LITTLE ROCK, Ark. (KTHV) - A Little Rock lawmaker is proposing raising the age to purchase or possess tobacco products to those 21-years-old or older.
Representative Fred Allen (D-Little Rock) filed the bill House Bill 1711 on Monday. It would prohibit sale of vapor products, nicotine patches, e-liquid products and rolling papers to anyone under the age of 21.
“We have approximately 600 people a month that will die from cancer,” Allen said. “There's a lot of states that are doing this. In Phillips County, there's an ordinance that you can't buy tobacco products unless you're 21-years-old.”

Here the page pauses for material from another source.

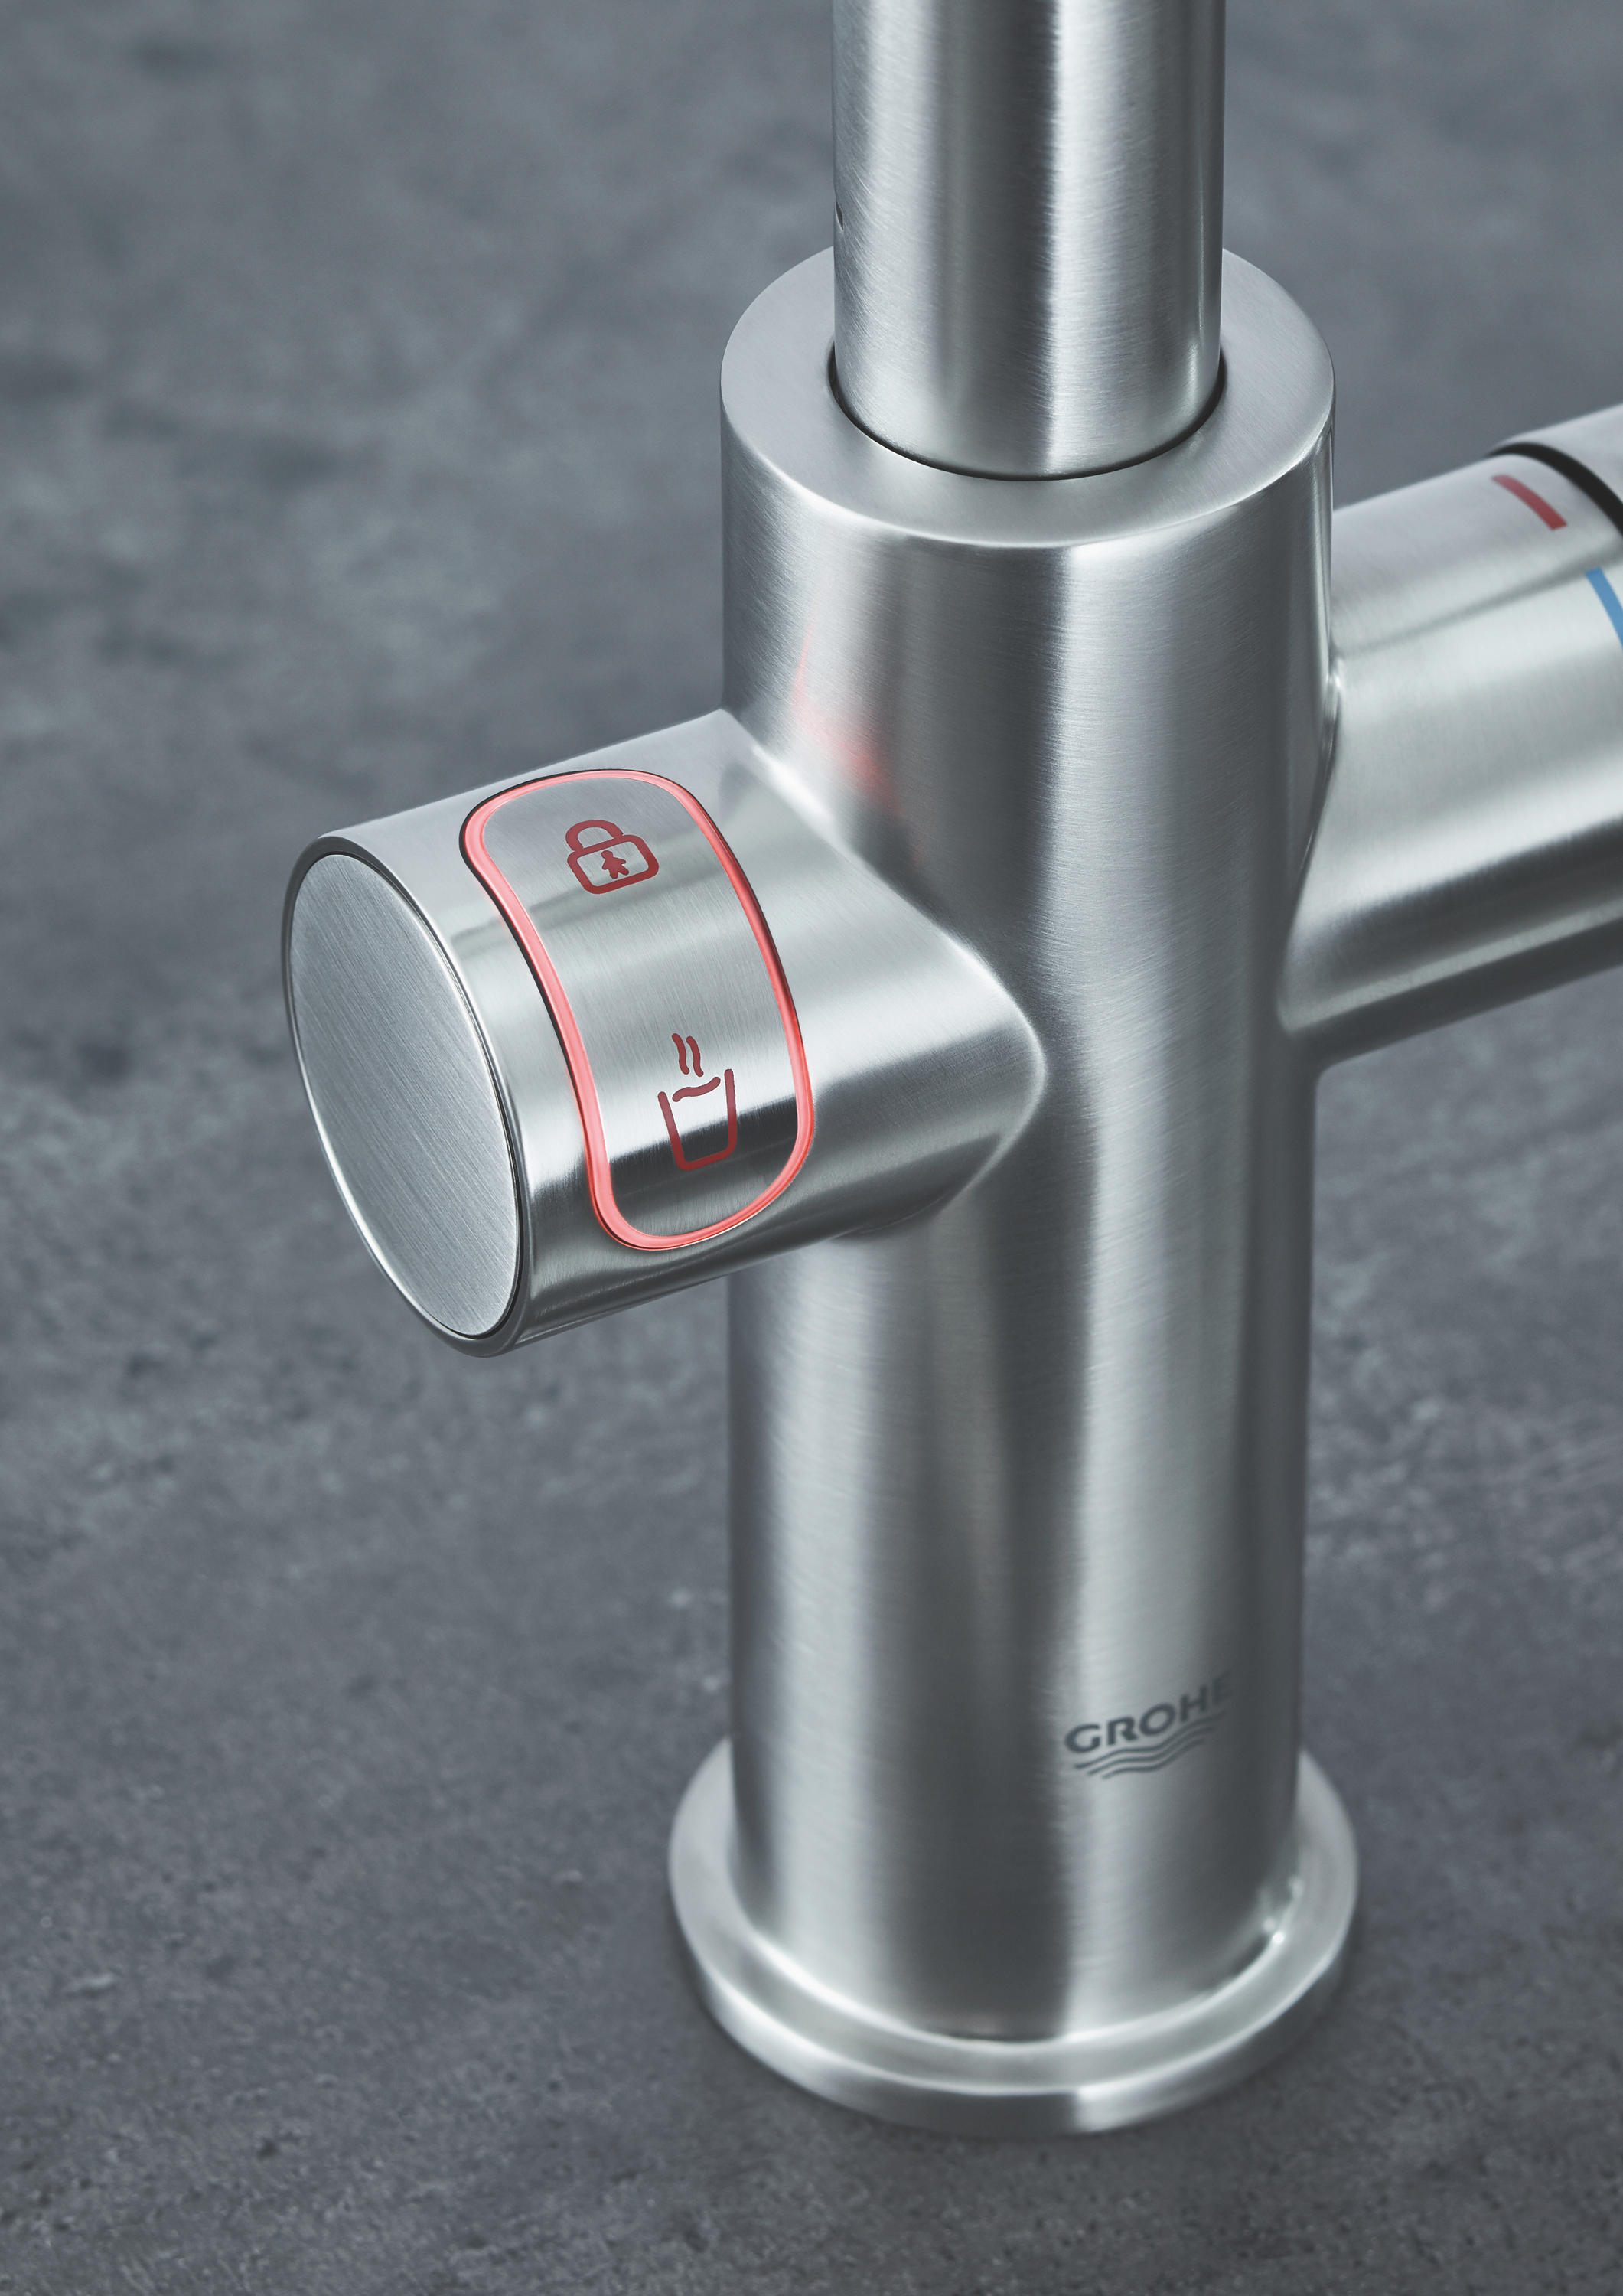 GROHE Red tap and M size boiler Architonic

The bill would move Arkansas into line with California and Hawaii with 21-year-old limits. Oregon is considering it in their legislature as well.
Allen’s proposal would authorize police or school officers to confiscate tobacco products, and could add token community service to a minor who gets convicted of a crime if they had tobacco on them when they were caught.
Tobacco shop owners are already well versed in checking the ages of their customers. At least two feel like raising the age, however, wouldn’t have much effect.
“I don't think it's going to deter or change anything as for as sales as far as the minors getting a hold of it,” said Stan Brown, who co-owns The Parthenon Smoke Shop in Little Rock.
Doug Schrader, owner of River City Vapors echoed those sentiments.
“California has that age limit and I can easily find you people under 21 who are smoking and getting around it very easily,” Schrader said.
The Parthenon bills itself as a “counter-culture” smoke shop with products and a spirit that harkens back to the counter-culture days of the late 1960's.
Brown’s argument sounds a lot like the one made to get the 26th Amendment passed around that time.
“I feel like if a person is 18-years-old and in a position to fight for our country,” Brown said. “If they put their life on the line for our country, for our freedoms and things of that sort, they should at least have the right to smoke. They should have the right to drink and things of that sort.”
The medical considerations are first and foremost in Allen’s mind.
“I think there's a trend around the country. And eventually it will happen. If not now, it will happen someday,” said Allen who said HB1711 is heading for the House Rules committee for consideration.